Britain's police are to be armed with tear gas guns and grenades to be used against armed criminals or dangerous individuals.

The Home Secretary, Sir Frank Soskice, made the announcement in the House of Commons today 20th May, 1965.

He assured MPs the gas caused only temporary discomfort with no long-term side-effects.

"Non-toxic tear smoke" already used by the police in the Colonies would be stored at 40 police centres in England and Wales and at six in Scotland.

It is the first time British police are being issued with the "non-lethal weapon" - although London's Metropolitan Police and four other forces have been able to obtain supplies from the military in emergency cases.

Gas against "violently insane"

Sir Frank made clear the chemical would be used only "in dealing with armed criminals or violently insane persons in buildings from which they cannot be dislodged without danger or loss of life".

He said the gas would have no long-term effect on people who came into contact with it.

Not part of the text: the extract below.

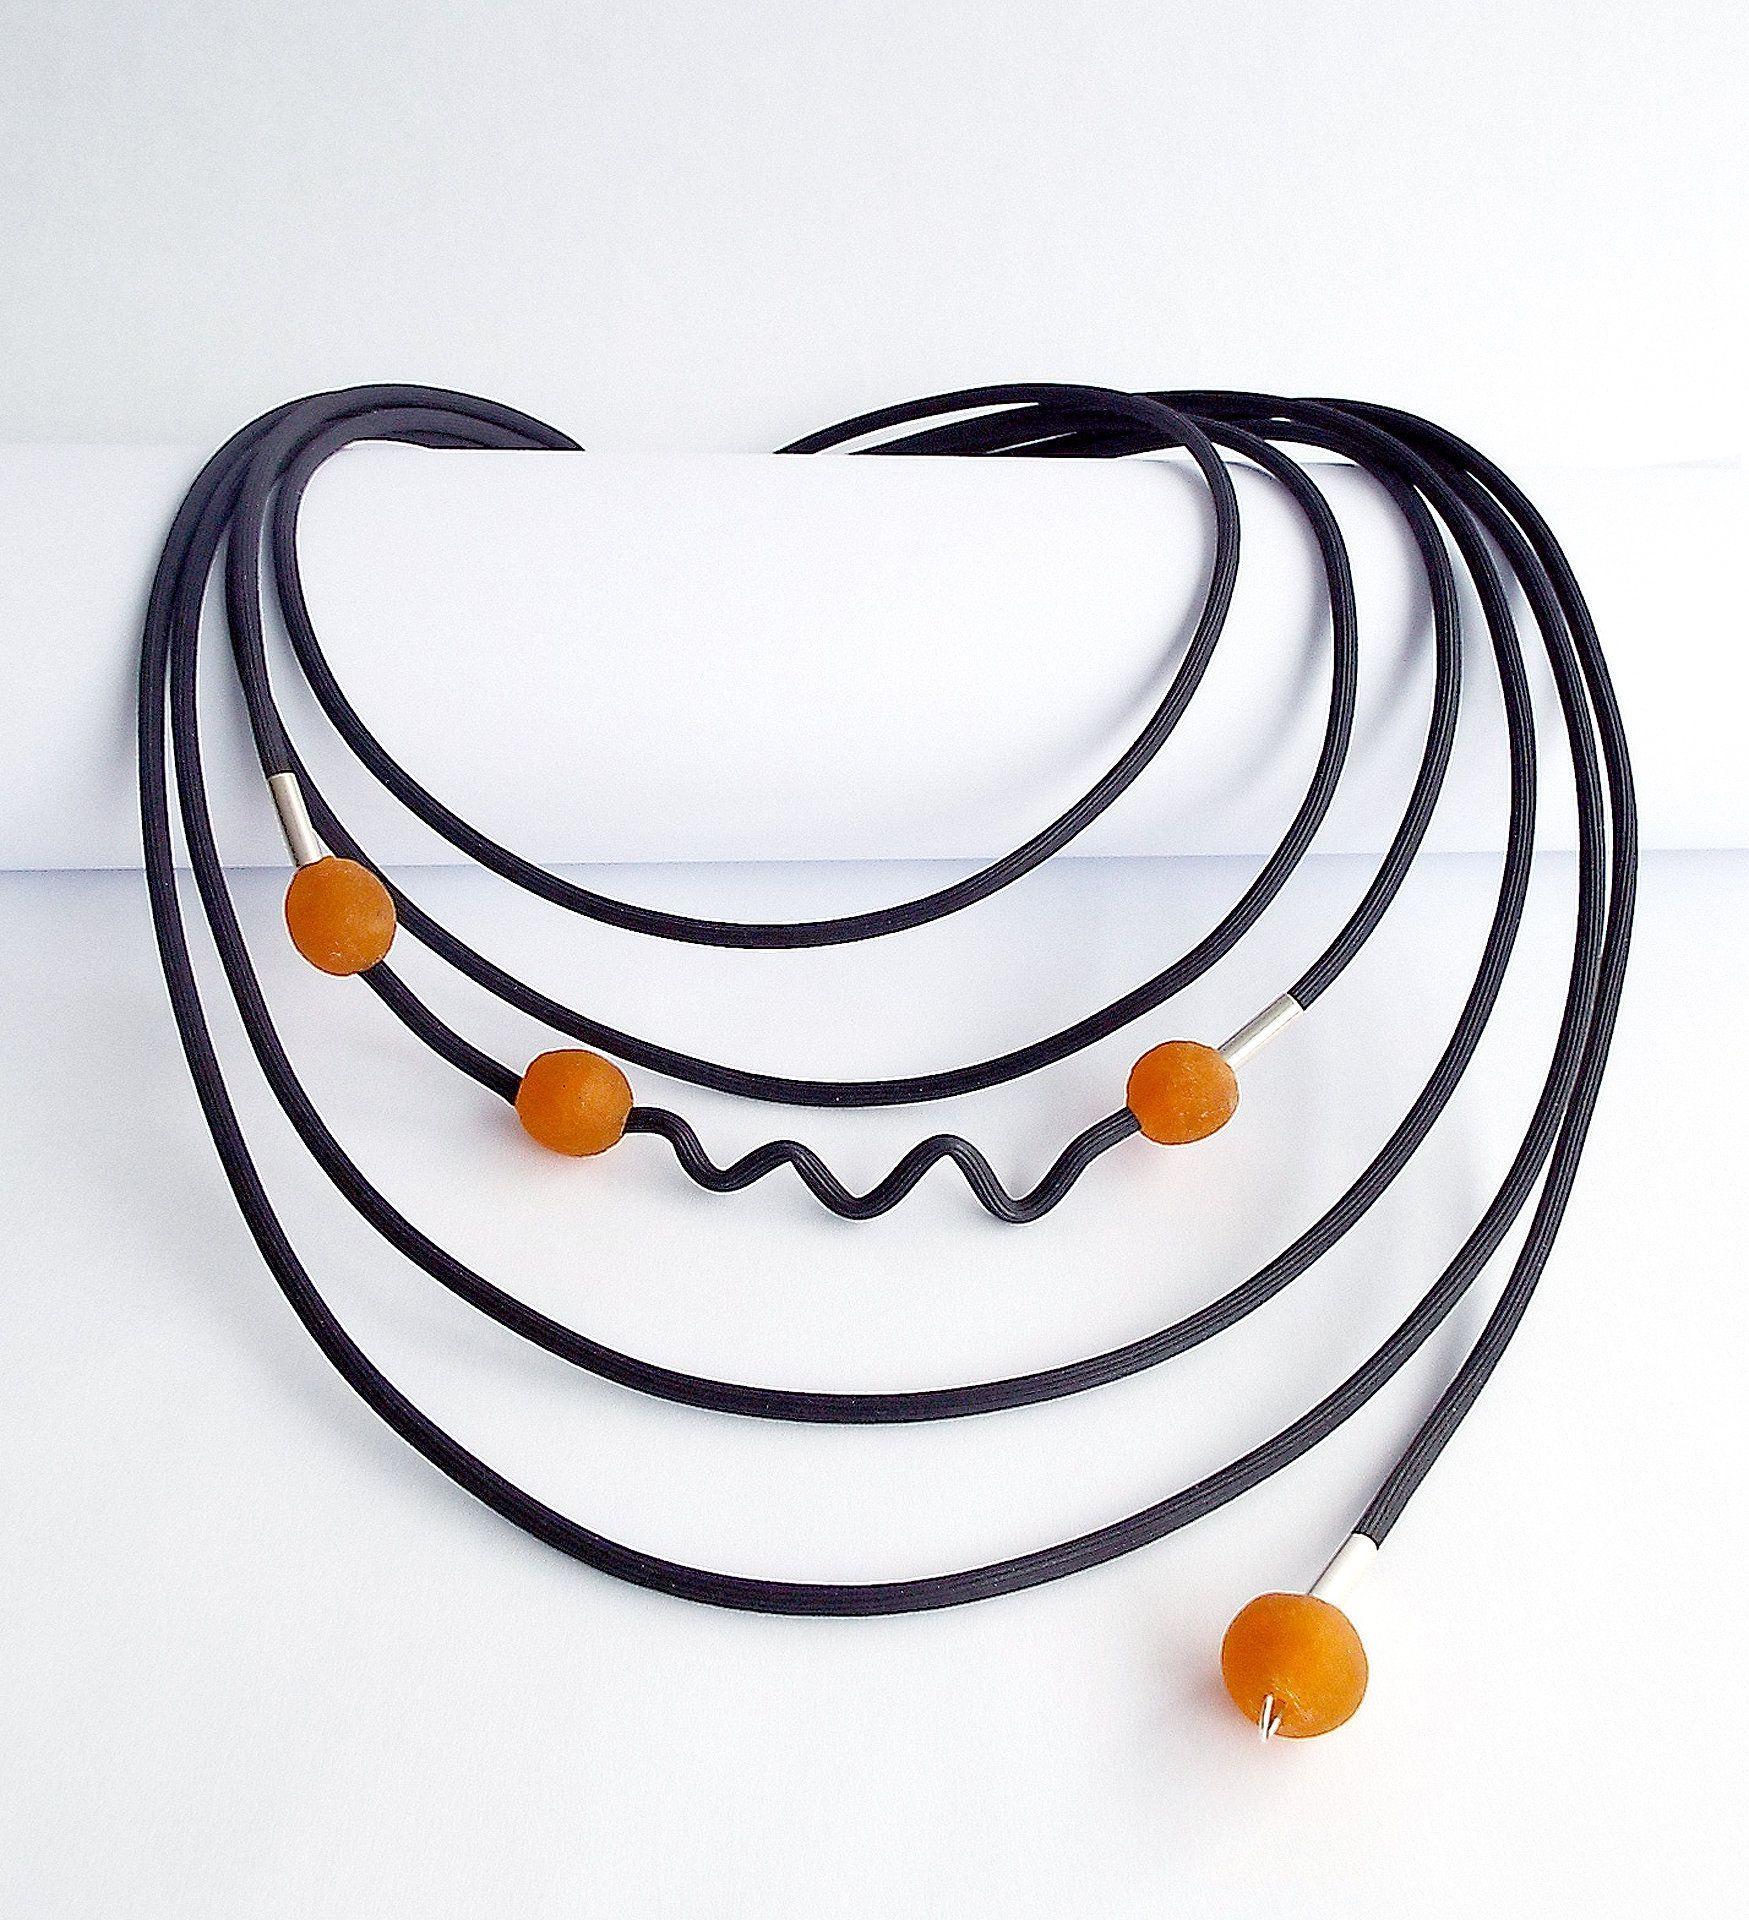 Splash of Color Jewelry by Dagmara Costello (Rubber & Stone Jewelry)   Artful Home -  Splash of Color Jewelry by Dagmara Costello (Rubber & Stone Jewelry)   Artful Home  - #Artful #cartierJewelry #color #Costello #costumeJewelry #Dagmara #Home #Jewelry #Jewelryadvertising #Jewelrybisuteria #Jewelrycleaner #Jewelryeditorial #Jewelryillustration #Jewelrymodel #Jewelryorganization #Jewelrysketch #Jewelrystand #leatherJewelry #mensJewelry #Rubber #Splash #Stone #stoneJewelry #wireJewelry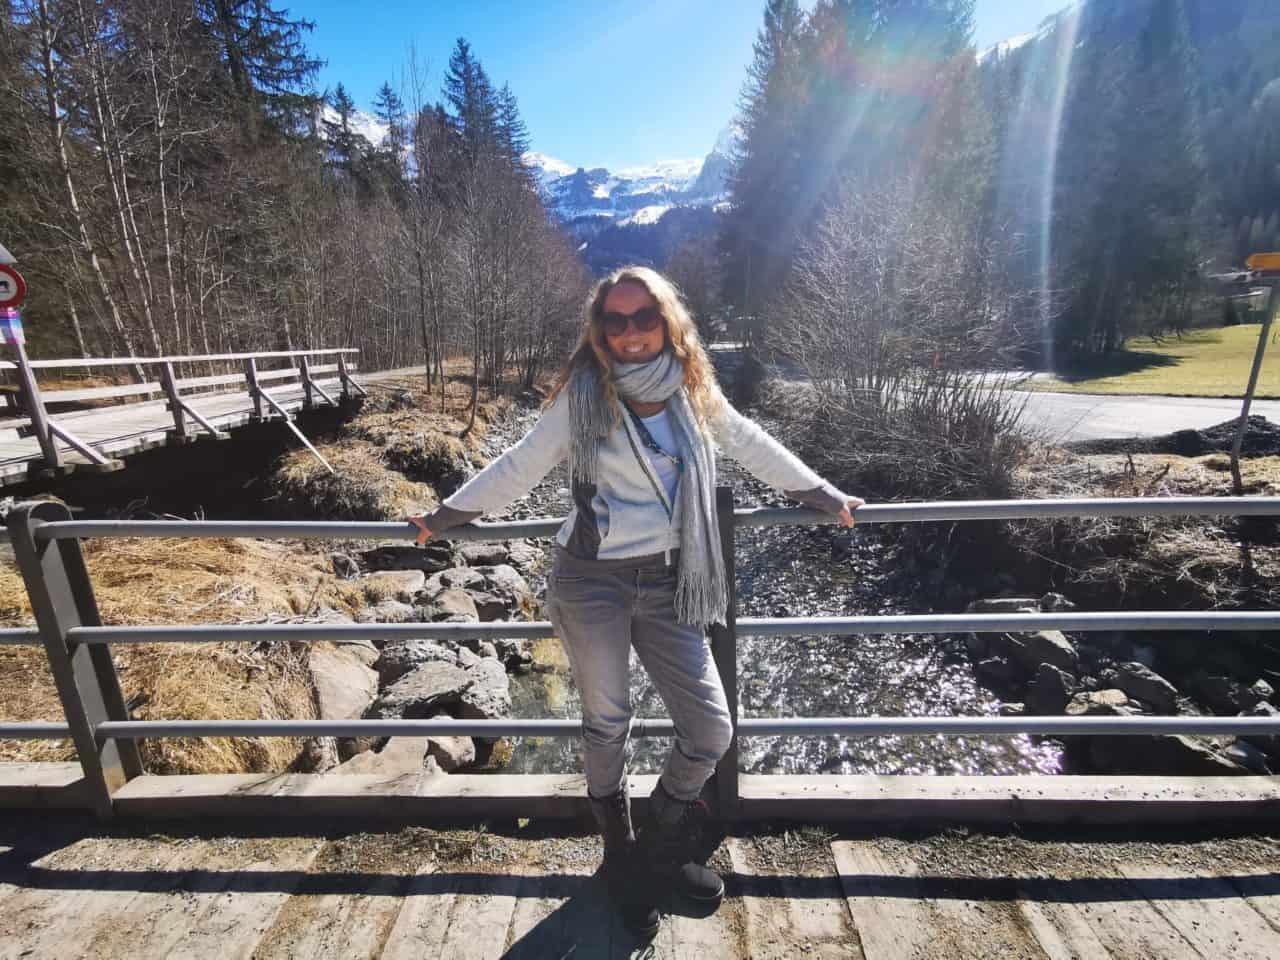 Vegan reisen in der Schweiz - Tipps von Bettina 1

Sir Edward Dodd, the Chief Inspector of Constabularies, told the BBC tear gas would under no circumstances be used for crowd control.

"The Secretary of State has asked chief constables to report to him the circumstances under which weapons are used whenever it is necessary to use them," he said.

He envisaged it would be used only "two or three times a year".

CS gas was developed at the Chemical Defence Experimental Establishment at Porton in Wiltshire.

It is delivered in a grenade or cartridge and has an immediate effect - victims experience watering eyes and blurred vision which wears off as soon as they leave the area affected.

The idea of allowing issue of tear gas to police was first recommended by a working party in 1962.

For the last 10 years, police chiefs have expressed concern about the vulnerability of their officers and members of the public on rare occasions when criminals barricade themselves in buildings and there is no alternative but to send in armed officers.